31 Ekim 2013 Perşembe

optimist gerzeklik

Baron'un kızına hiç aşık olmadım. Pangloss ile hiç tanışmadım ve sanırım herhangi bir şatodan hiç sürülmedim. Başıma binbir felaket gelmedi mesela; Almanya'da asker olup, Hollanda'da çok büyük aşağılamalara uğramadım, Pangloss'u amansız bir hastalığa yakalanmış olarak bulmadım çünkü hali hazırda onu hiç tanımadım; Portekiz'de bir engizisyon mahkemesinde acımasız bir cezaya çarptırılmadım; adam öldürmedim, Amerika'da yamyam yerliler tarafından yenilmek üzere iken son anda kurtulup; Fransa'da tuzağa düşmedim ve paralarımı çaldırmadım; İtalya'da taçlarını, tahtlarını yitirmiş altı kralın serüvenlerini dinlemedim...

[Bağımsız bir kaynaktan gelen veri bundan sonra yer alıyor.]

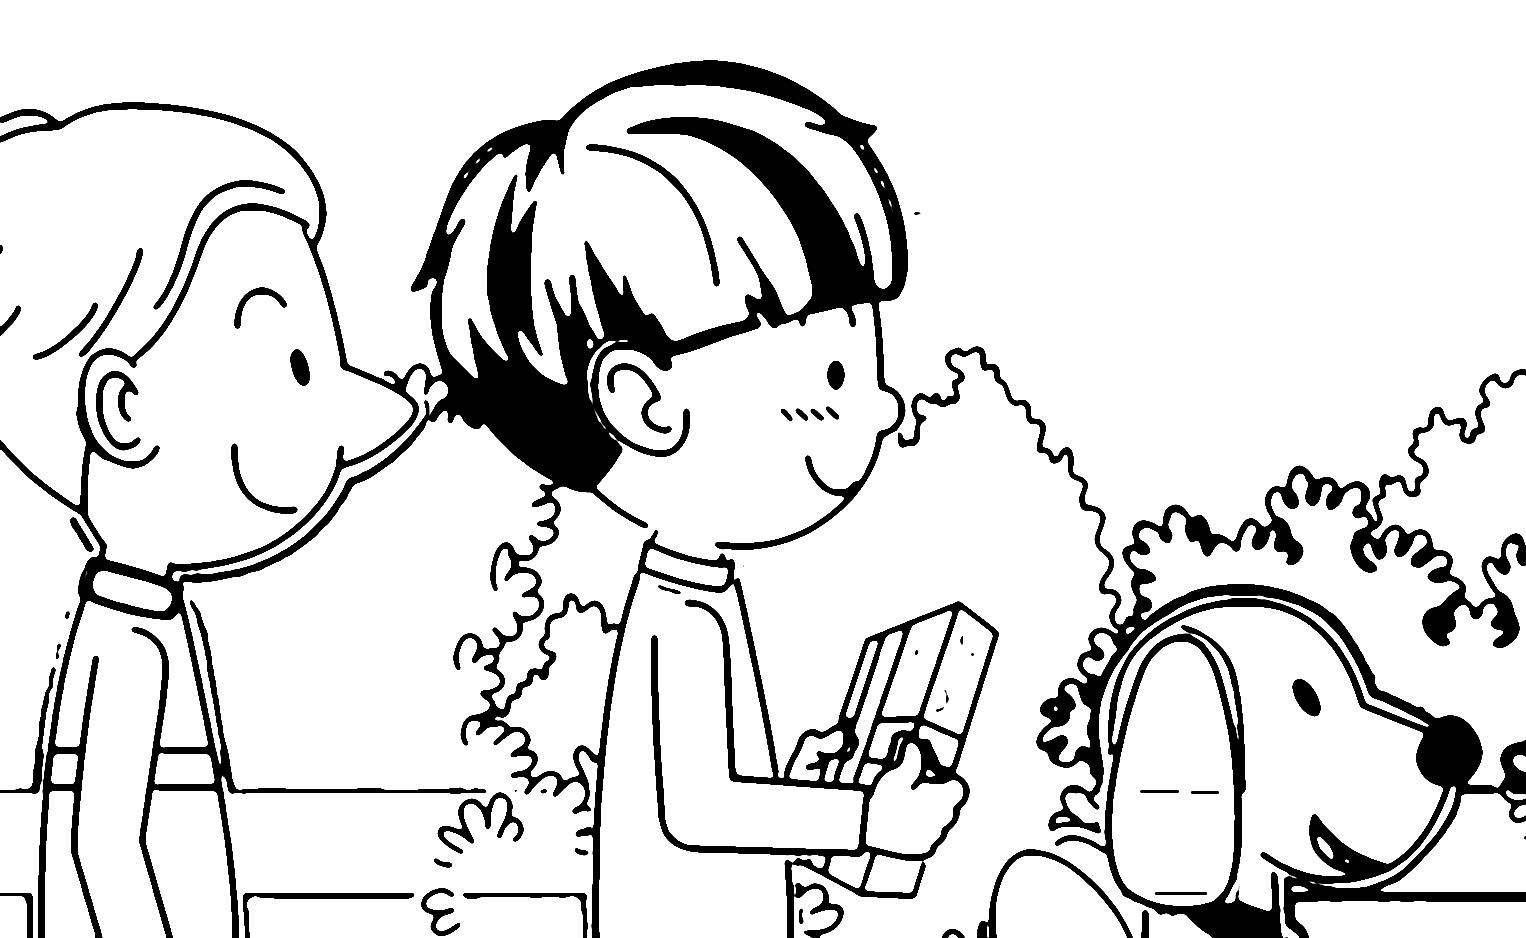 Speaking Cartoon Kids Coloring Page 05
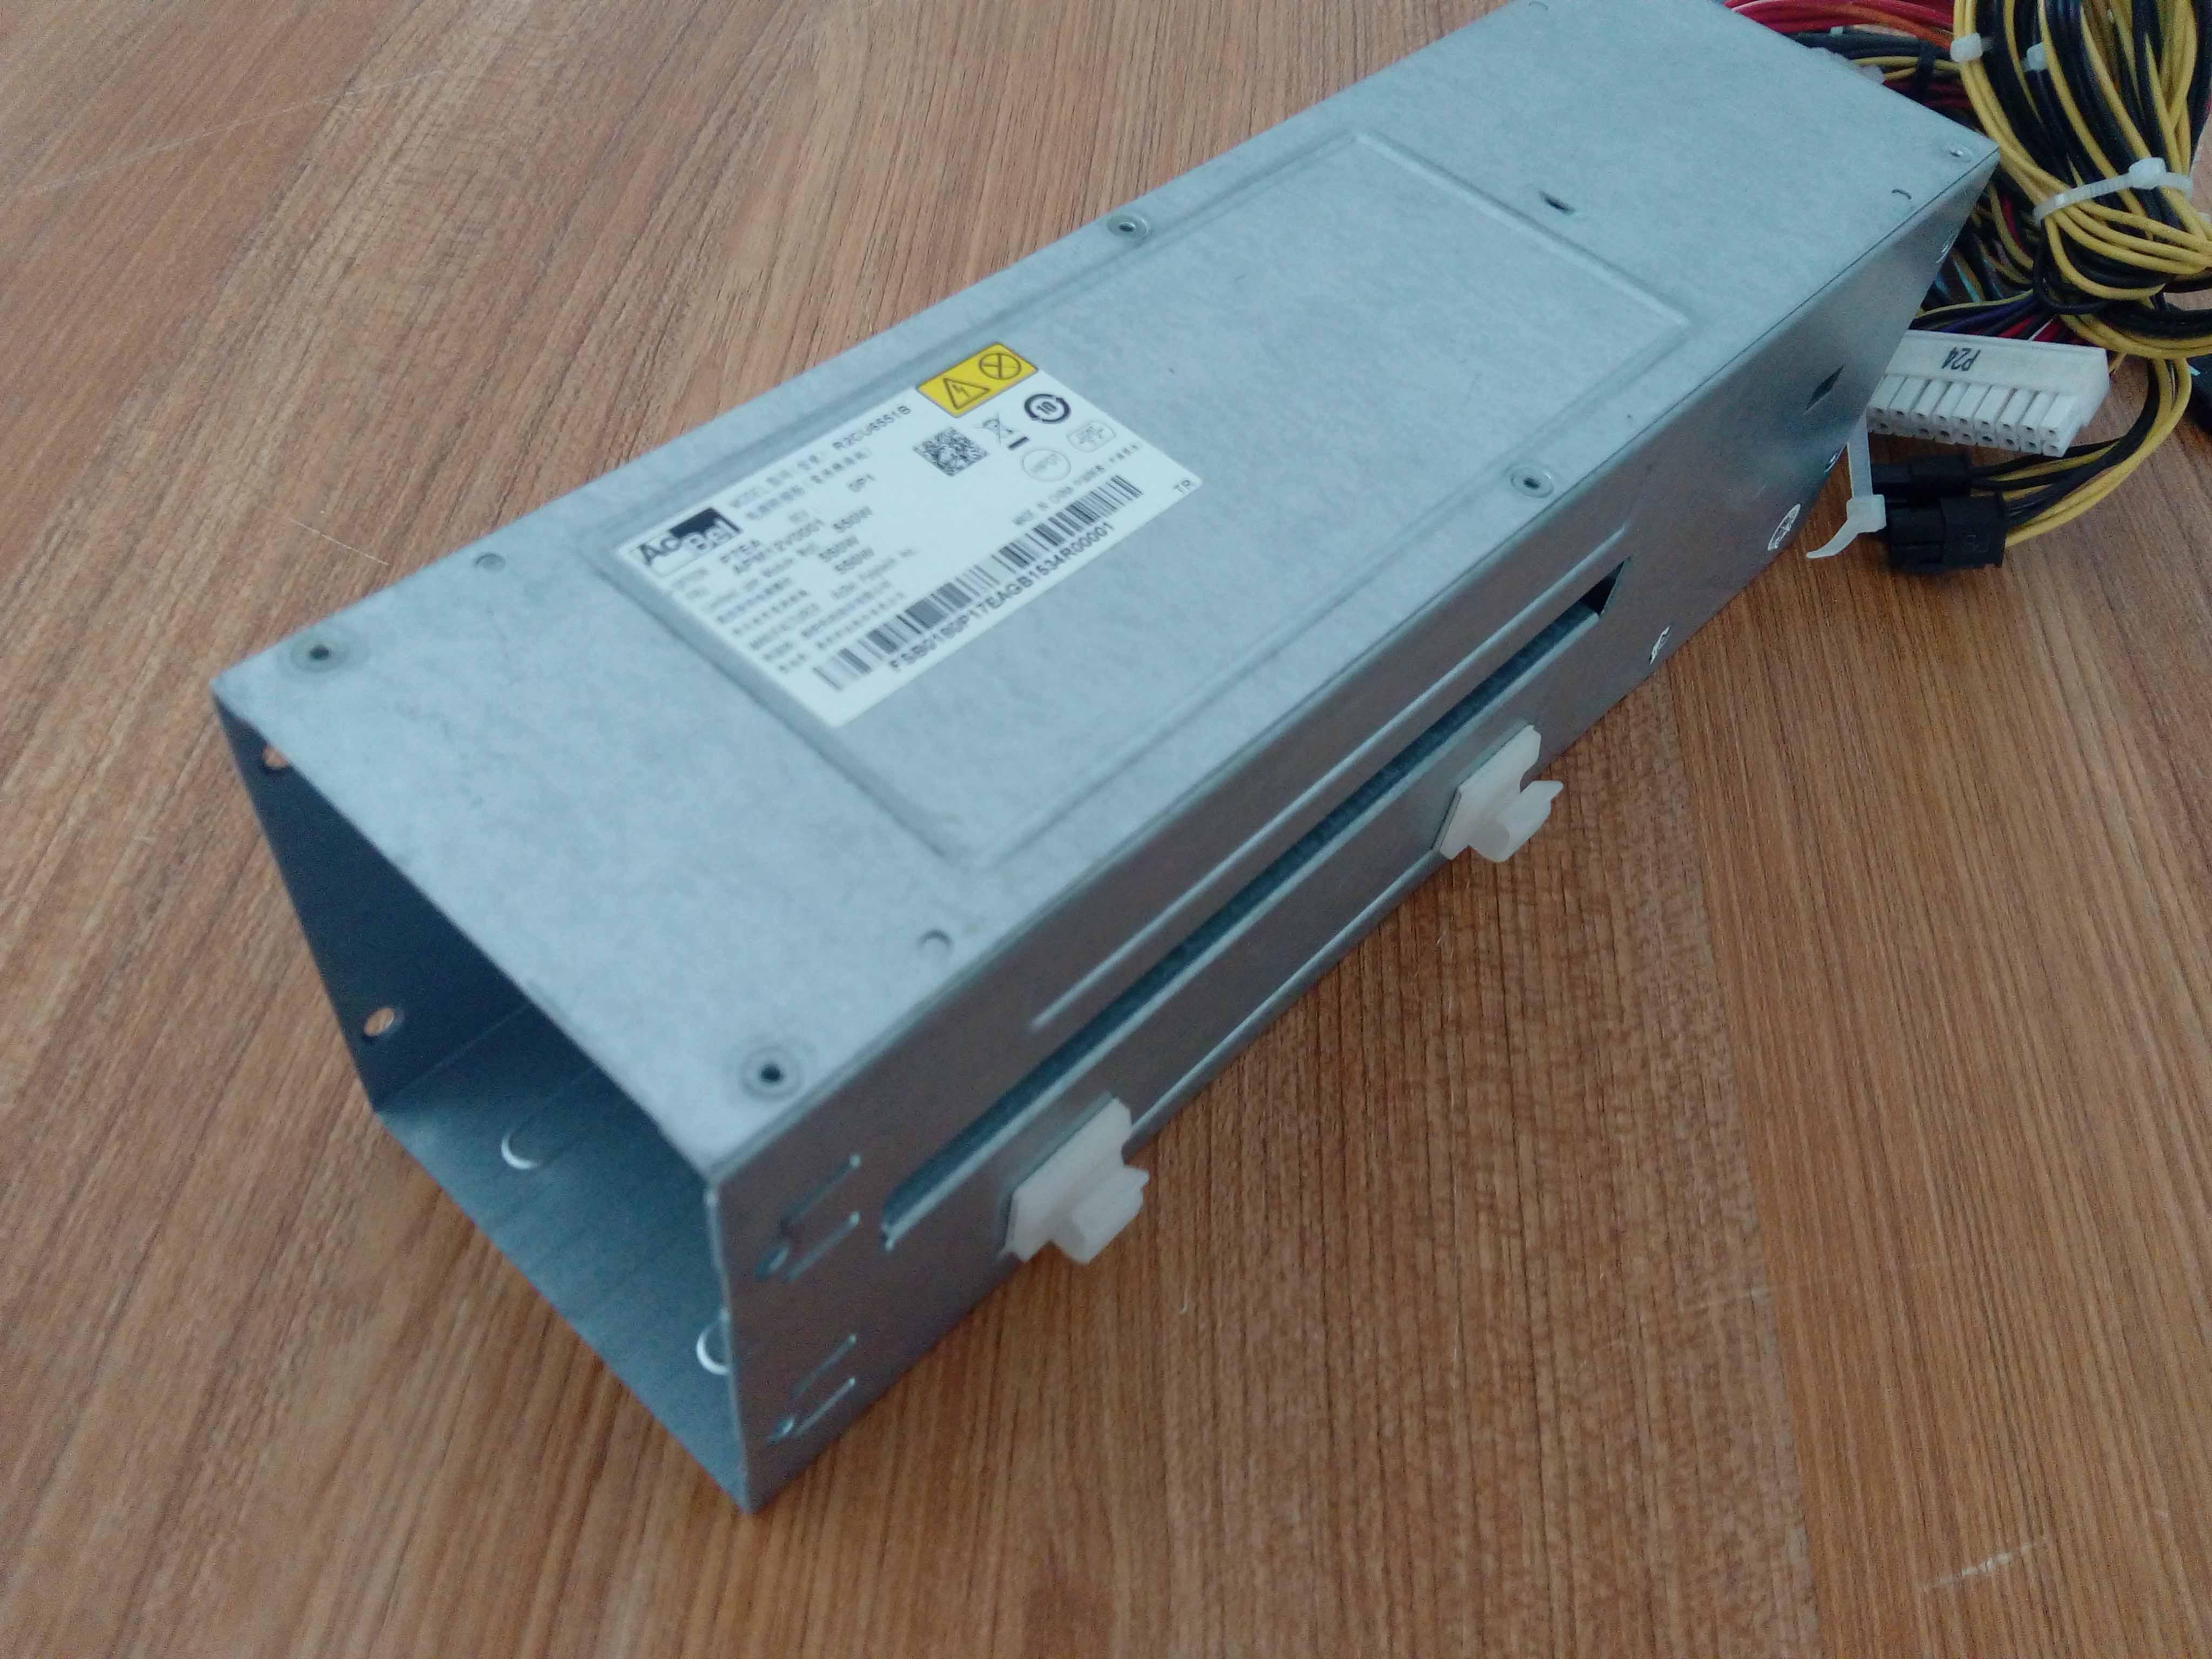 康舒 R2CU5551A 康舒R2CU5551A 2U 1+1 550W冗余电源

Ammaa, bütün bunların sonucunda hayali tek aşkı olan Cunegonde'e kavuşmak olan, çektiği bütün acıların sonunda ona ulaşmanın bir yolunu arayan ve aslında tüm o acıları bir nevi yok sayan, daha kötüsünün olabileceği fikriyle dolan, her şeyin onun için katlanılabilir olacağına inanan kahramanımız yolun sonunda ne ile karşılaşıyor? İşte bunu biliyorum.

Cunegonde'e kavuştuğunda ne görüyor?

Hiç.

Nasıl olacak?

Şatodan mı sürülmeli, felaketleri mi beklemeli, büyük aşağılanmalara mı maruz kalmalı, hastalanmalı mı, acımasız cezalara mı çarptırılmalı, hayati tehlikeler mi atlatmalı?

Tüm hayatını bir hayalin peşinde harcamak bir seçenek. Ben ise böcek olmayı tercih ederim. Keşke Gregor olsam. Çoğu zaman.